To address the potential income and distributional impact of reforms, the most vulnerable households need to be protected by well-targeted social safety transfers.
Preparing for an Uncertain Water Future
Iran is a water-stressed country where consumption outstrips natural regeneration. Climate change will widen the water supply and demand gap, worsening water challenges for Iran and its neighbors.
Irrigated agriculture consumes the greatest share of water (92%), but that water is not used well in Iran: Agricultural water productivity is one of the lowest in the region. Climate change will negatively affect the gross domestic product (GDP), demand for labor, and food prices. According to the World Bank Water in the Balance report, in a scenario where water availability reduces by 20% and where higher temperatures negatively impact crop yields, GDP would decrease by 7% relative to the baseline (real GDP in 2016) or by about US$30 billion. Demand for labor would fall by up to 4.8% and 10% relative to the 2016 baseline for agricultural and non-agricultural activities, respectively.
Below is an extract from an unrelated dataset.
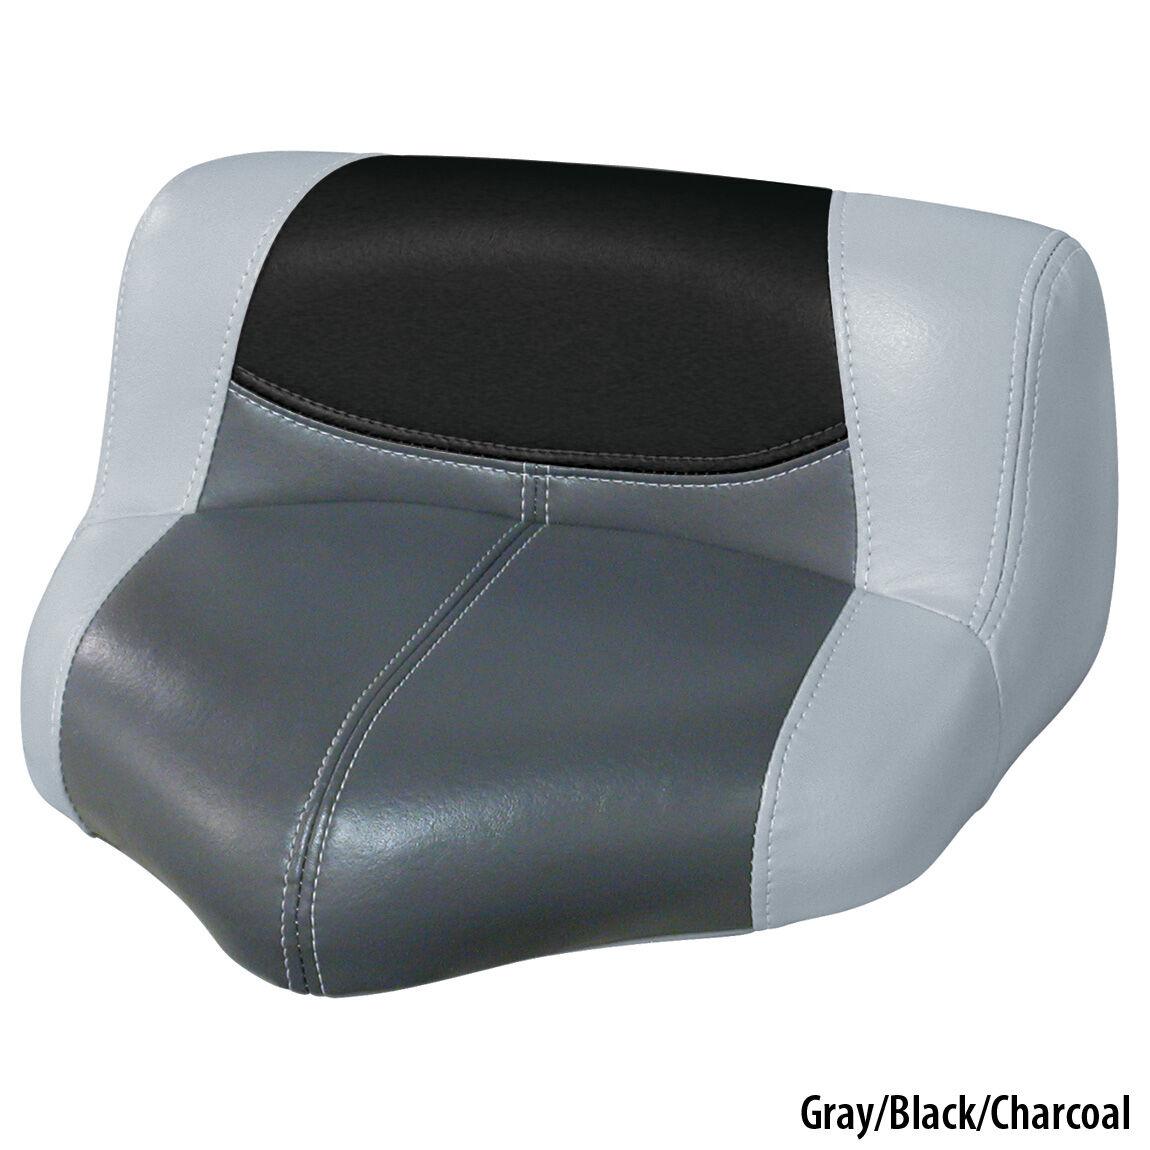 Wise Blast-Off Oversize Frame Pro Casting Seat
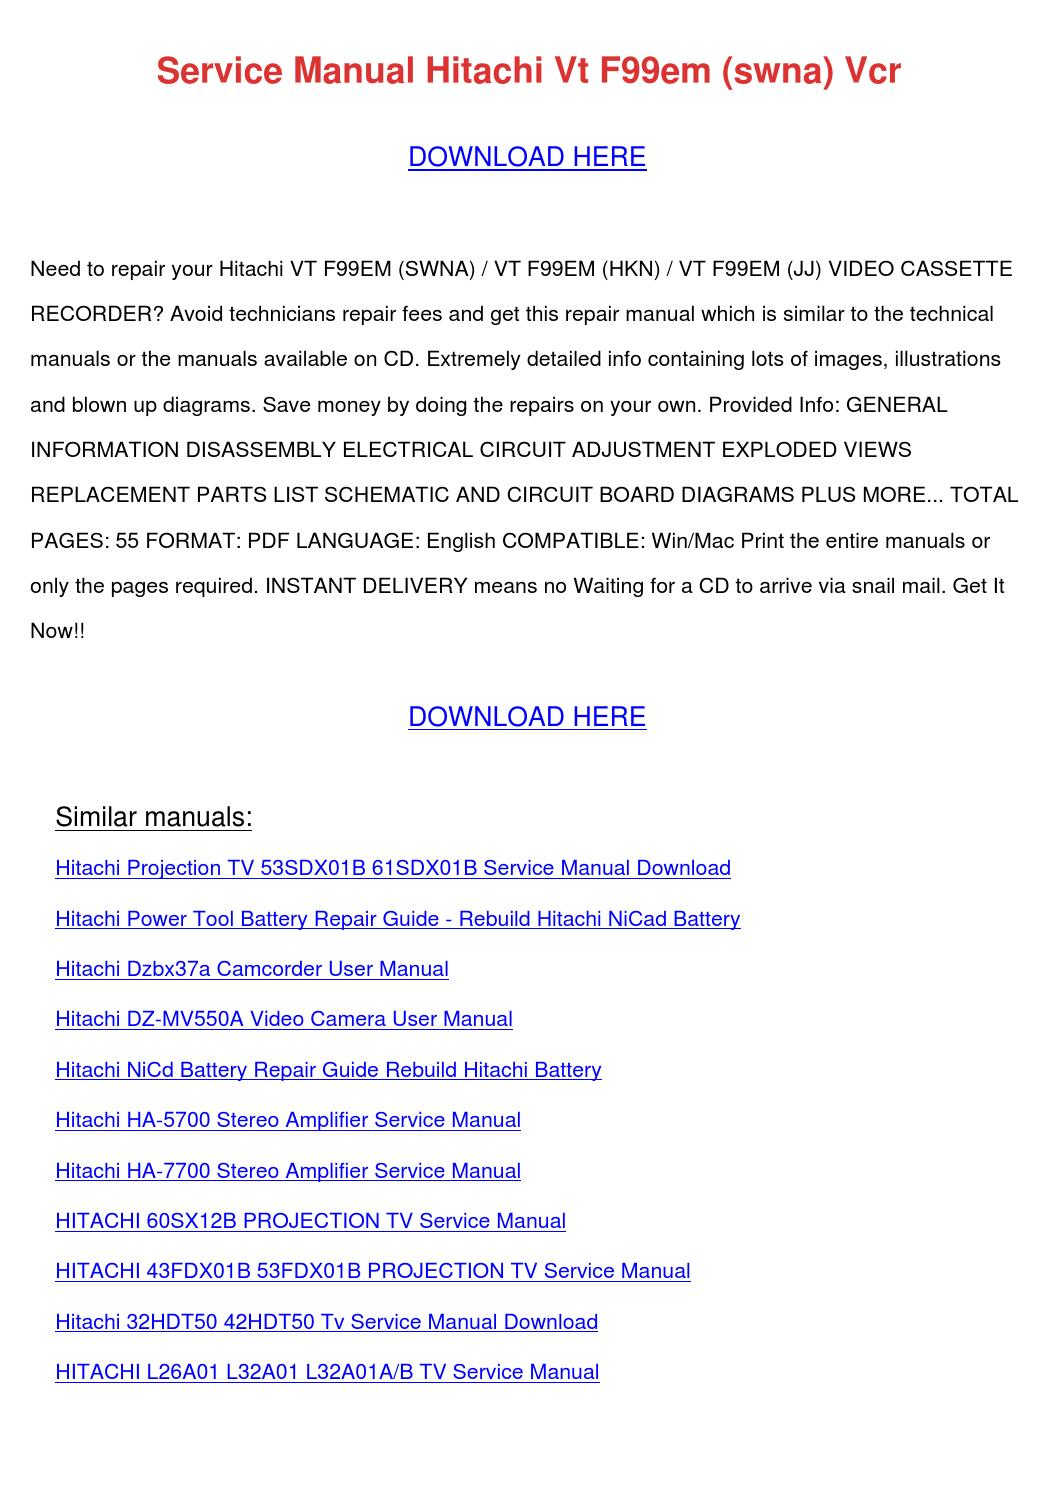 Service Manual Hitachi Vt F99em Swna Vcr by DenishaClick - issuu

Consumer food prices would increase by up to 8.2%. This analysis relies on short to medium time likely changes in crop yields and water availability prior to 2050. Since reduced water availability is one of the biggest economic impacts of climate change, Iran can benefit from lessons from countries that have coped with this issue. These pathways include (i) effective water resources management, (ii) improved water use efficiency with water demand management policies, (iii) adept institutions and tailored policies, and (iv) collaboration with riparian countries.